H E double hockey sticks yeah!! Sho nuff a dead snake now!
Great shooting! I pop the cicadas when I can see 'em in a tree. They sound similar, but won't put you in Loma Linda for antivenin treatment.

Get with Smashtoad, he can turn it into a cool watch band or bracelet for ya. Put it in the freezer!


----------



## capnjoe (Jun 3, 2012)

Just watched again! Stupendous shootin'. Might be a new favorite.


----------



## dgui (Jan 12, 2010)

*Western Diamond Back and I got the rattle. Part 2 video coming.*


----------



## Berkshire bred (Mar 4, 2012)

great shooting.


----------



## mrpaint (May 16, 2012)

I might be wrong, but from the way the video looks im pretty sure you killed it with the first shot. Good idea giving it a few more though, you can never be too careful with those bastids. Awesome shooting.


----------



## BootMuck (Sep 11, 2012)

Nice shooting. I'm sure you will get some negative reviews on that video! I agree with mrpaint and feel you dispatched that rattler quickly. Not many people make such clean kills with firearms.


----------



## All Buns Glazing (Apr 22, 2012)

I feel like I'm taking crazy pills.

How is that a shooting review of tex shooter tubes? It's dgui, posting yet another video about PFS and Tex Shooter tubes, killing a snake that's warming up on the road/driveway.

I don't want to open a new review video, and see someone shooting a snake - I know a lot of you guys hunt with slingshots and get rid of those terrifying pigeons that are a menace to rooftops and the neighbourhood, so there's a hunting section to the forum so people who find this kind of stuff epically offensive, don't watch it.

I'm sure I'm not the only person on this forum who finds someone blundgeoning a snake to death with repeated marble hits, fairly sickening.

My suggestion: post this ****e in the hunting section.


----------



## Jakerock (Mar 8, 2012)

Buns is right about putting this in the hunting section...


----------



## capnjoe (Jun 3, 2012)

I thought it was in the hunting section! MODERATOR!!!!

That snake was evil, Buns. It was in his eyes! He was gonna eat Tiny.

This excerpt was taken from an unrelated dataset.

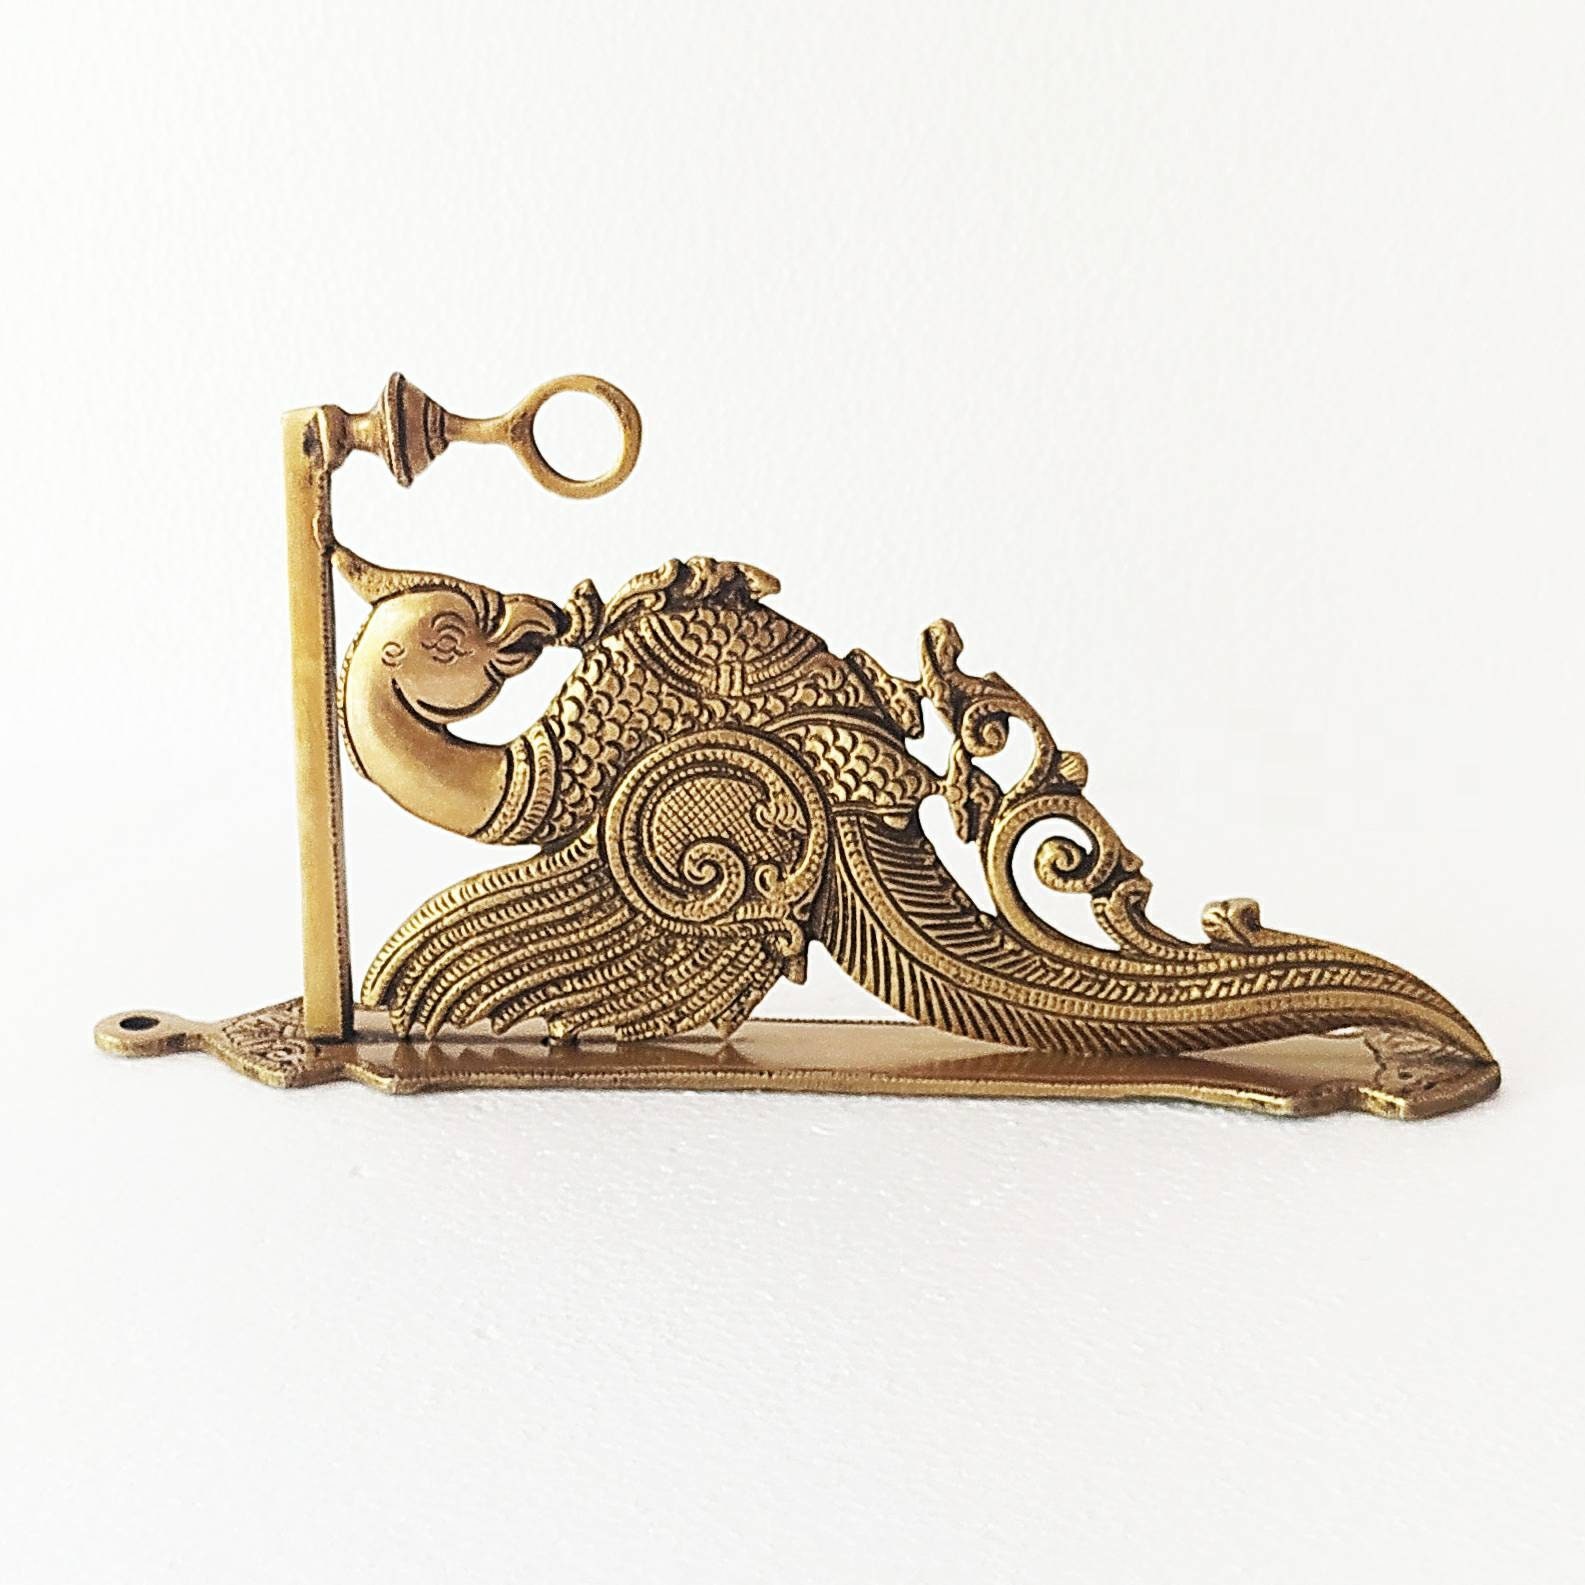 Ornate Handcrafted Parrot Design Brass Wall Hook With Base Plate, Ht 31 Cm  X W 15 Cm, Home Decor, Wall Decor, Parrot Hook, Ethnic Wall Hook -   Canada

If he had bludgeoned it with a sheleighleigh would it have been any less horrendous?
Cudgel or marble, that snake's got to go. They're territorial and will kill a small dog. My guess is that's why it had to die.
Not because Darrell's cruel.

I personally wouldn't have killed it, but I like snakes. I know they are snakes. I can see them! 
With people... you just never know until they rear their ugly heads and sink their fangs into ya.


----------



## All Buns Glazing (Apr 22, 2012)

capnjoe said:


> If he had bludgeoned it with a sheleighleigh would it have been any less horrendous?


Tex makes shillelaghs now, too? To answer your question, it'd be just as relevant to the thread topic.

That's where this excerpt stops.